Acknowledging that the fear is real and valid, that the opportunities are there, that the risks are already eventuating...that is half the challenge.  Opposing views spat across a rhetorical divide are meaningless. 

We need to look for what unites us - I would suggest what unites us is our humanity, our need for a planet like Earth to sustain us, and our sense of loyalty, love and care for the people that matter to us. 

Regardless of whether you believe AI is the best thing since fire was invented, or the thing that will bring down humanity, we are truly all in this together.

Increasingly, we are seeing that people want purpose and meaning in the work they do, respect and dignity in the way they experience that work, and some sense that there is a future.   

That comes together in the movements towards sustainable consumption, regenerative and circular economies and supply chains.  And workers and consumers looking at the connections across countries, communities, industries, wanting those to be transparent, valuable and constructively long term.  

The Global Goals for Sustainable Development are no longer seen as just for ‘developing countries’, they’re pertinent for everyone (they always were, it’s the perception that has shifted!).

And what this shift requires is thinking that is both outside and between the ‘boxes’ that make up our working and personal lives. Or boxes that cement us on opposing sides of a debate.  Or geographical boxes that artificially create a sense of separation from others...the boxes go on and on.

 

In an organisational context – the boxes and systems can and do include:

  • Visioning and strategic decision-making that considers the wider good and the longer-term good - for citizens, biodiversity, the planet - not just the government or shareholders of the day.
  • Talent sourcing and acquisition approaches – what else can we do?
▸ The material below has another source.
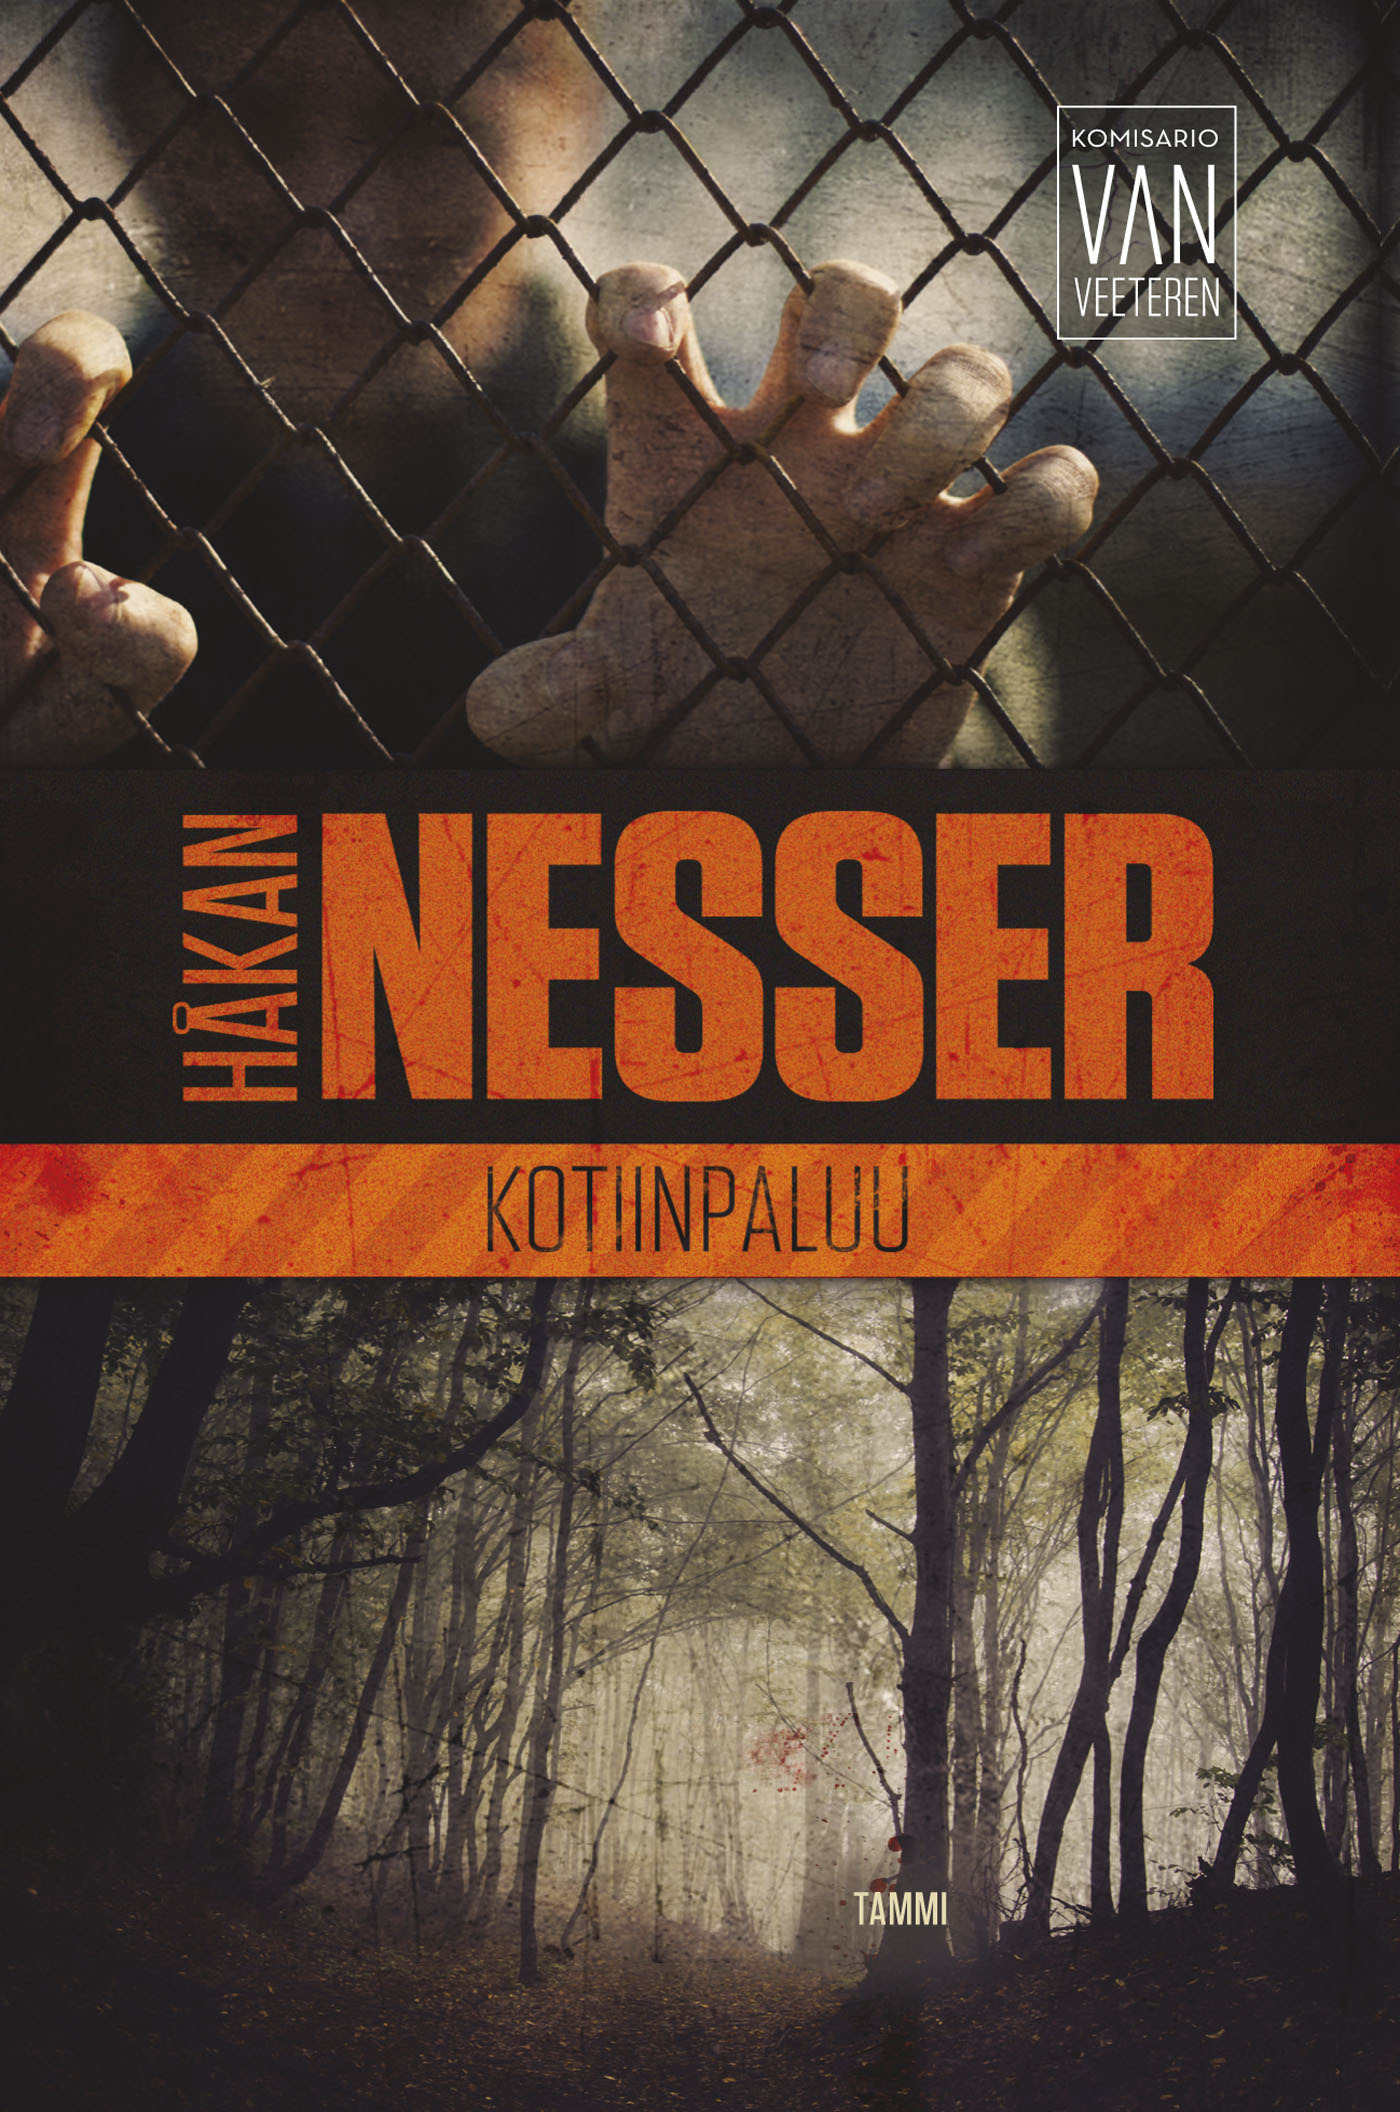 Nesser, Håkan - Kotiinpaluu, e-bok

Are we truly as inclusive and expansive about opportunities and where to find talent as we can be?  An example of this is Virtual workers – what more can we do to liberate geographical biases to clear away barriers for skilled workers around the world to have access to jobs that really do not require physical proximity?
  • Why do we continue to run separate entirely organisations when we could collaborate more e.g. how long have we been talking about joining up contact centres (with all the barriers of non-compatible tech, privacy concerns, training and knowledge requirements of customer-facing workers) – are these barriers really insurmountable?
  • Leadership and retention – are we prioritising support for leaders to lead as people need to be led (with humanity, authenticity, growth-mindsets) and organising the jobs/work around the talent to keep them interested, engaged and feeding good ideas and growth opportunities back in?

AI is 'out of the box' - it was the minute someone first started developing it.  Now we see competitive 'boxes' - ChatGPT, Google, Microsoft and others - all competing that their box of tricks and tools will become dominant. 

But the real issue here is not which one, its that any one will dominate. 

Because up until now, its humanity that has dominated the planet, and very quickly that position can be usurped and humanity may quickly become the last thing that AI believes the planet needs.  (That went very dark there I know!)

Coming back to the idea of rhetoric and story-telling to shape the reality – have we got the settings right (values and measures, ways of working, incentives, purpose), do we have the right people and culture in our organisations and governments, and are we having the right conversations to consider the ways forward that work in the future not just now (the near past)?

It really does start with individuals coming together and changing the settings and the dialogue - what and how we talk to each other, about topics that matter - that is what can start to shift the dial. 

Reflecting, consciously deciding what we can and won't take, and retaining our resilience through our value, purpose and humanity.